Porta designed this system as a practical improvement on the simple Caesar cipher. The Vigenere cipher — often credited as the first strong polyalphabetic system — was described around the same period, and the two approaches represent different solutions to the same problem: how to prevent a single-alphabet frequency analysis from breaking your cipher. Porta’s reciprocal alphabets made the system easier to use without tables beyond the single printed square, since there is no distinction between the encryption and decryption operation.

How it works

Porta uses 13 alphabets, one for each pair of key letters (A/B, C/D, … Y/Z). Within every alphabet the first half of the letters (A–M) always maps into the second half (N–Z) and vice versa, with a shift determined by the key-letter pair:

row r = floor((keyLetter - 'A') / 2)        (0..12)
if plaintext index i < 13:  cipher = ((i + r) mod 13) + 13
else:                       cipher = (i - 13 - r) mod 13

Because A–M and N–Z are always exchanged, the function is its own inverse — the same key encrypts and decrypts.

The 13 tableau rows

Each row in the Porta tableau swaps a shifted pair of half-alphabets. Row 0 (for key letters A or B) swaps A↔N, B↔O, C↔P, and so on with no shift. Row 1 (C or D) shifts by one, so A↔O, B↔P, etc. Row 12 (Y or Z) applies the maximum shift. This structure means the ciphertext is always drawn from the second half of the alphabet (N–Z) when the plaintext letter is from the first half (A–M), and vice versa — a property visible to frequency analysis.

Worked example

With the keyword LEMON:

  • L → key pair 5 (K/L), row 5
  • E → key pair 2 (E/F), row 2
  • M → key pair 6 (M/N), row 6
  • O → key pair 7 (O/P), row 7
  • N → key pair 6 (M/N), row 6

The message ATTACK AT DAWN enciphers to SEAUVP PA XTEL (spaces and punctuation pass through).
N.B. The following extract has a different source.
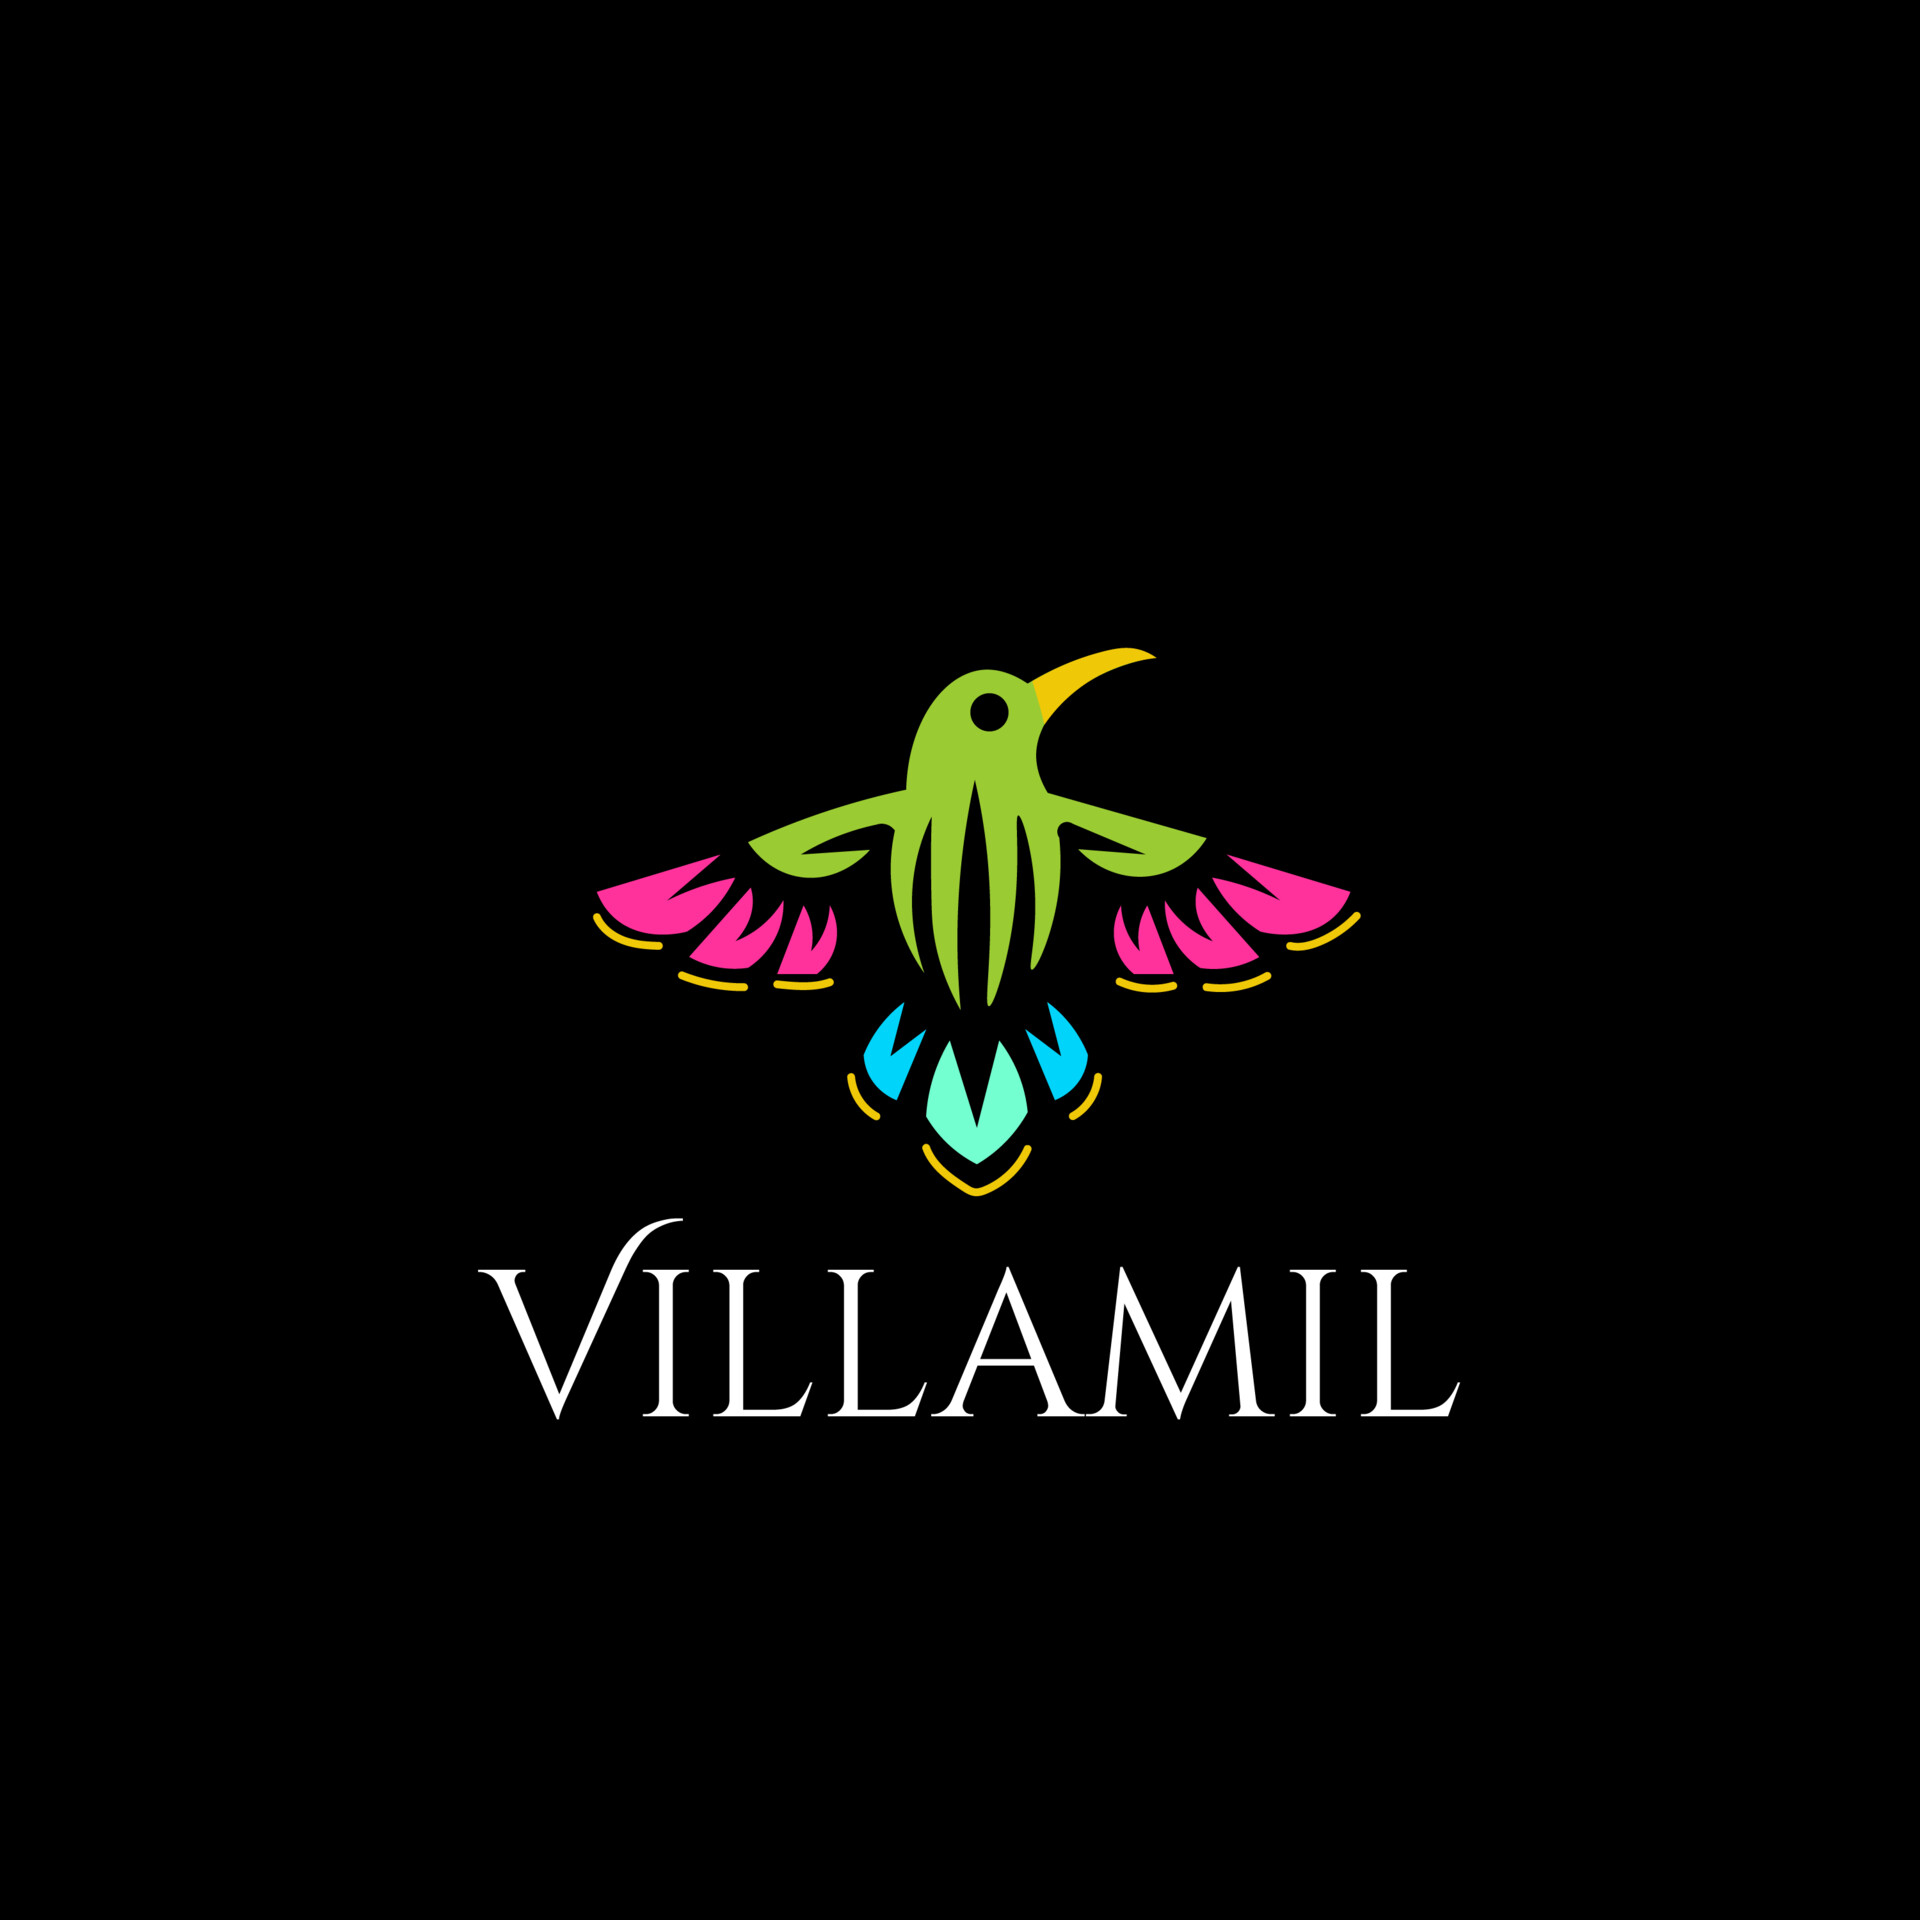 ArtStation - Villamil Logo

Running SEAUVP PA XTEL back through with keyword LEMON returns ATTACK AT DAWN. No mode switch needed — this is the reciprocal property.

Security notes for modern use

The Porta cipher is a historical cipher and is not secure. Two well-known weaknesses make it straightforward to break:

  1. Repeating key: once an attacker determines the key length (via Kasiski examination or index-of-coincidence analysis), they can treat each key-position independently — each is then a simple 13-alphabet substitution.
  2. Known structure: all ciphertext letters from a plaintext A–M letter are drawn from N–Z, which halves the frequency analysis problem compared to a full 26-letter substitution.

Use this tool for historical study, puzzles, escape rooms, and cipher education. For real confidentiality, use a modern authenticated encryption standard.